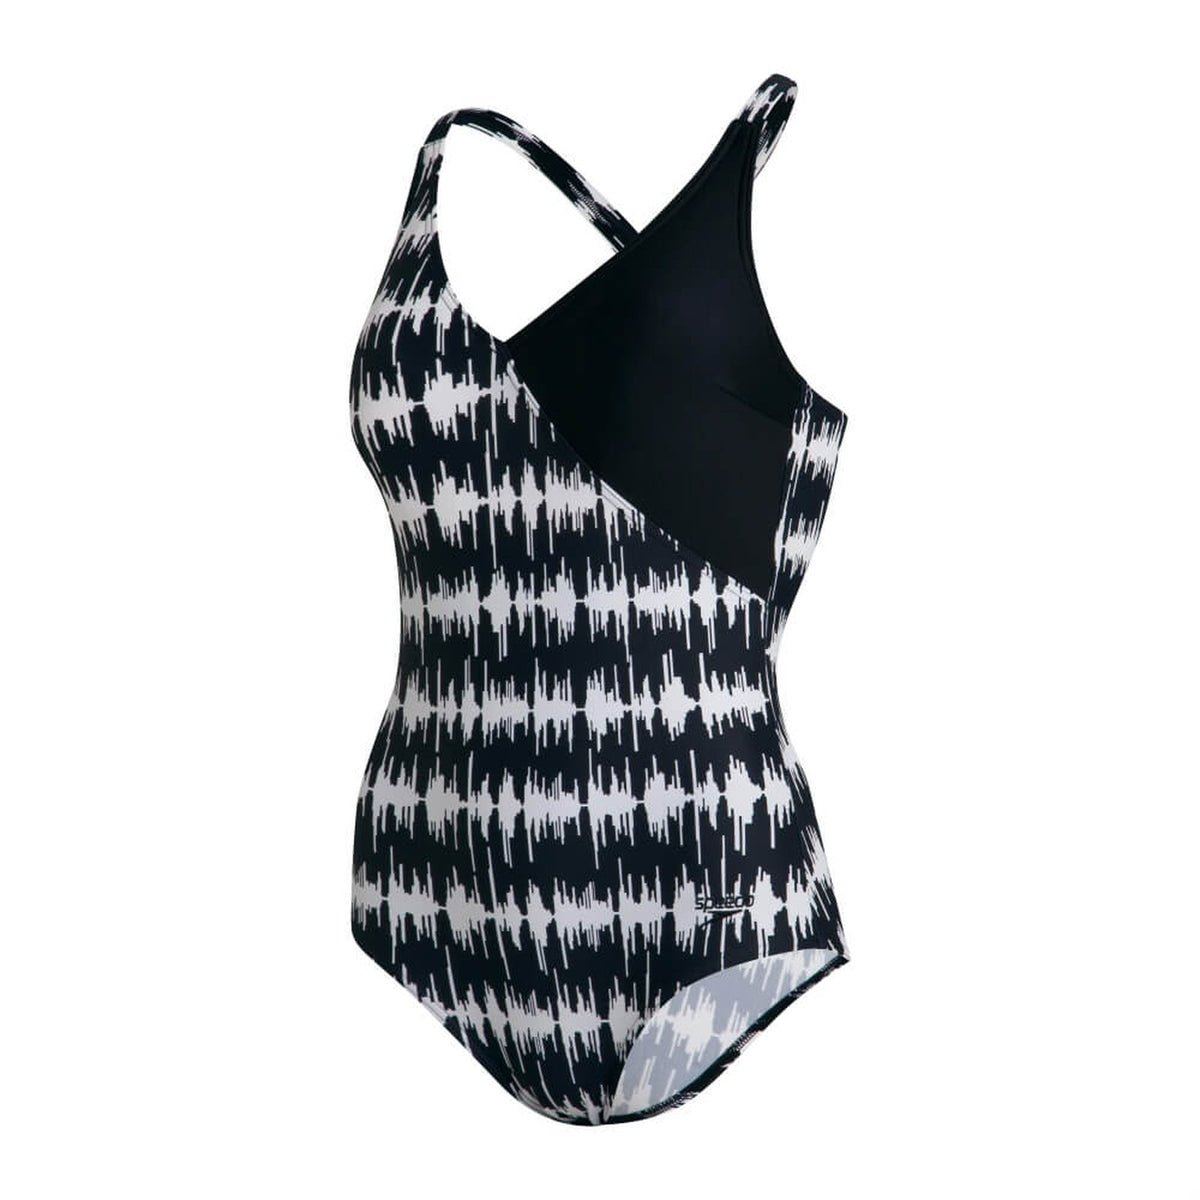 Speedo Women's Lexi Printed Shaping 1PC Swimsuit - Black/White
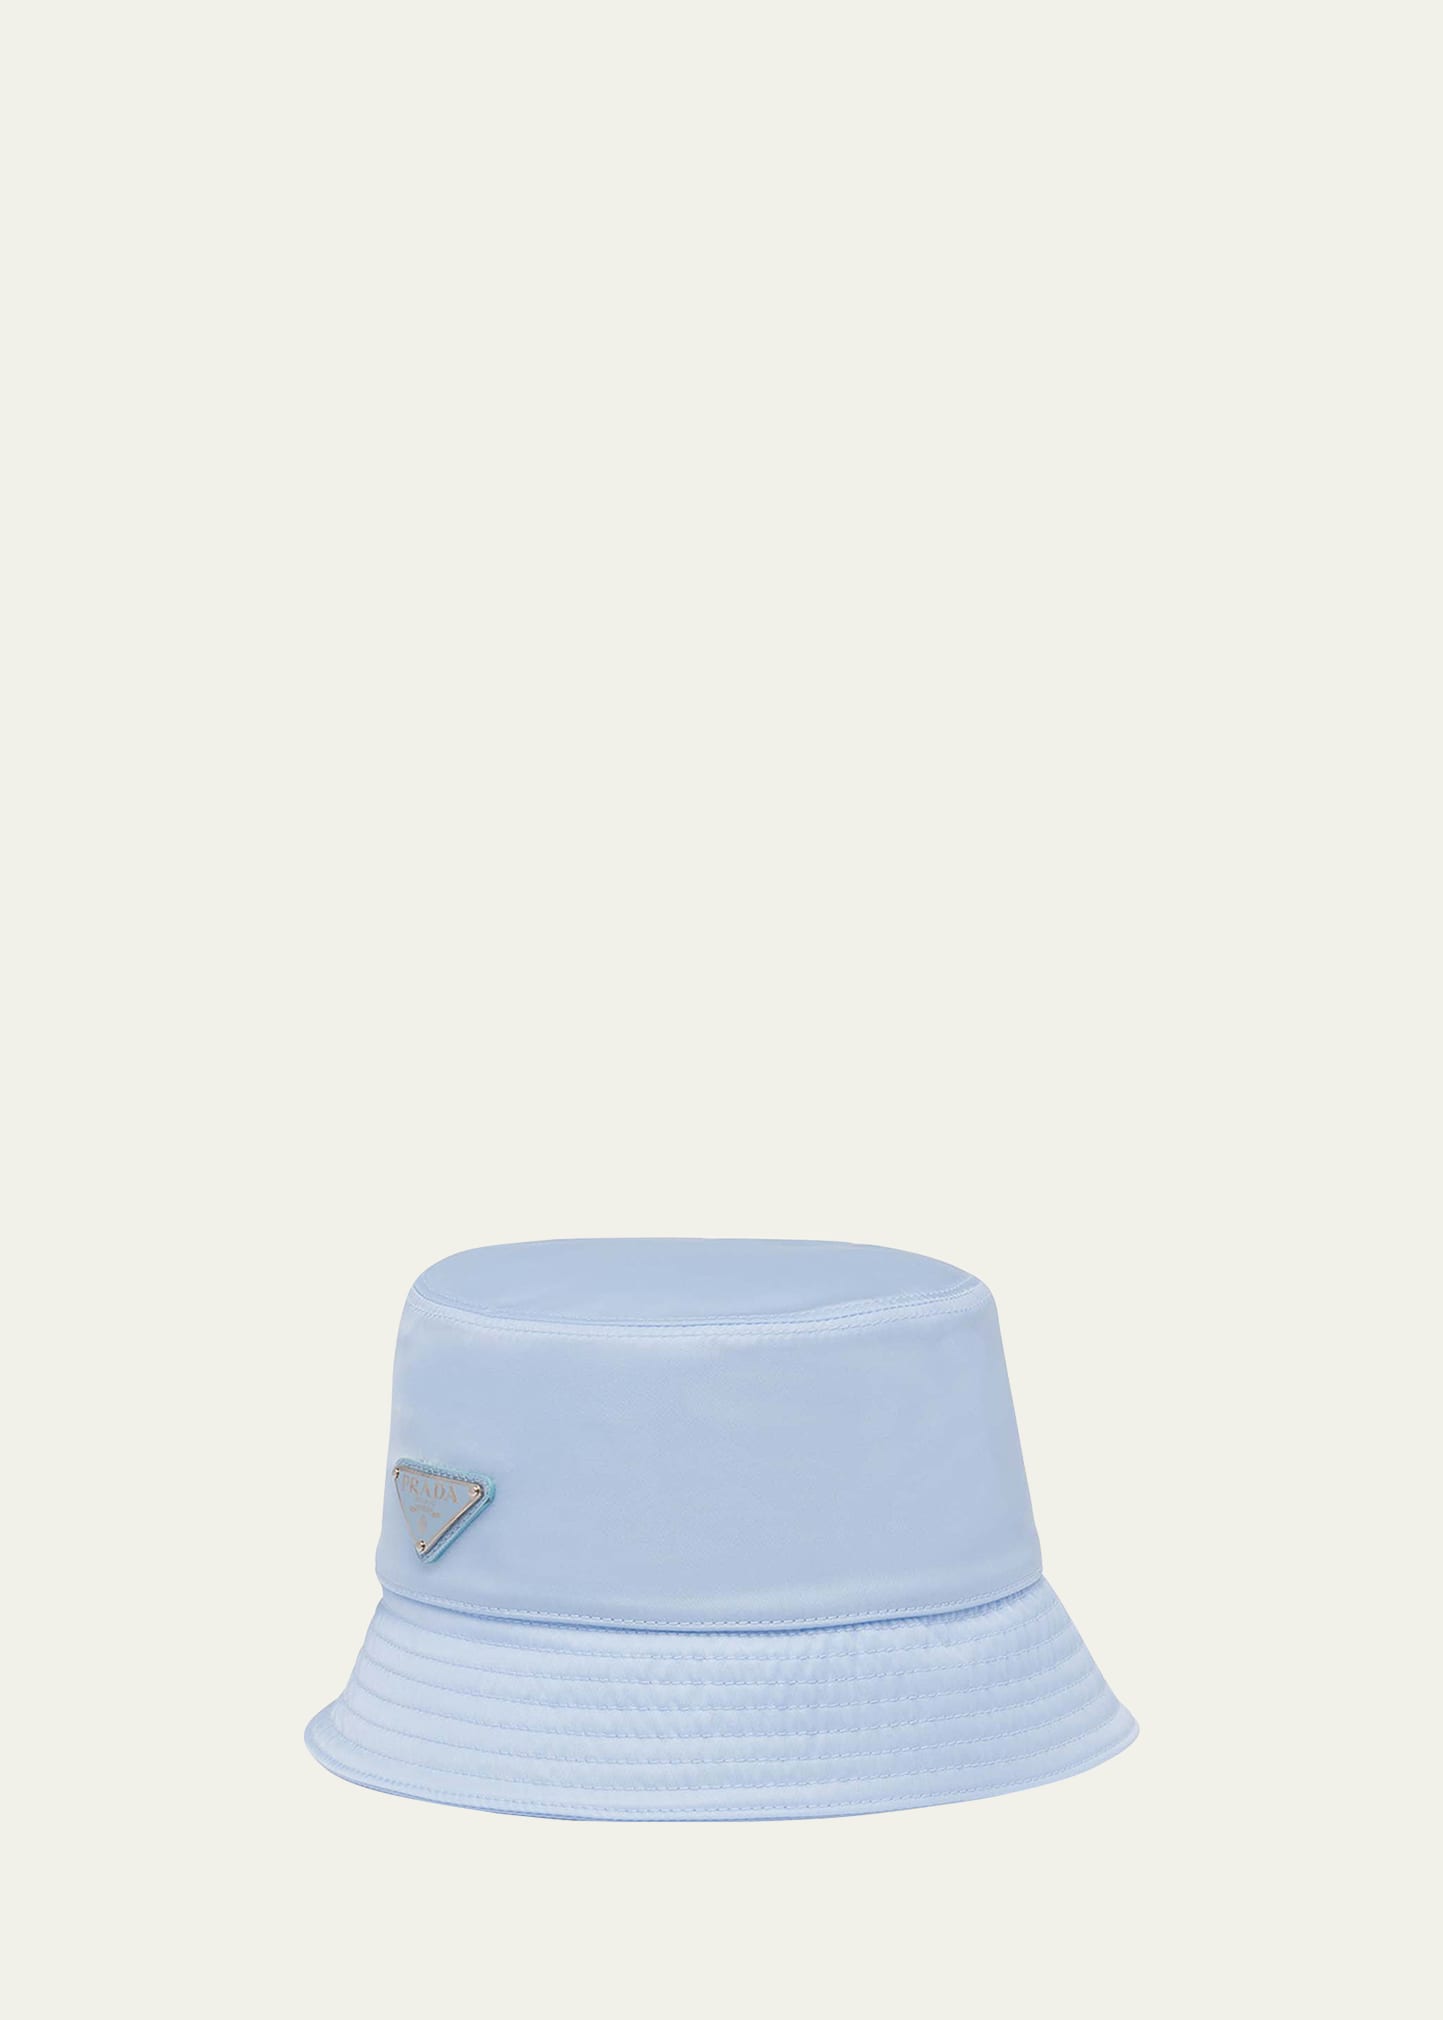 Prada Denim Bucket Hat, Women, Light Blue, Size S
----
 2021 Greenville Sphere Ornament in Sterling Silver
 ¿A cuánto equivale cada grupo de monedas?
----
- **WORK TO BE COMPLETED**
From the records above, write out exactly the lines that begin at the line with "Speedo Women's Lexi" and end at the line with "Prada Denim Bucket". Pictures must not appear in the output.

- **SOLUTION FOR THIS TASK**
 Speedo Women's Lexi Printed Shaping 1PC Swimsuit - Black/White
 Prada Denim Bucket Hat, Women, Light Blue, Size S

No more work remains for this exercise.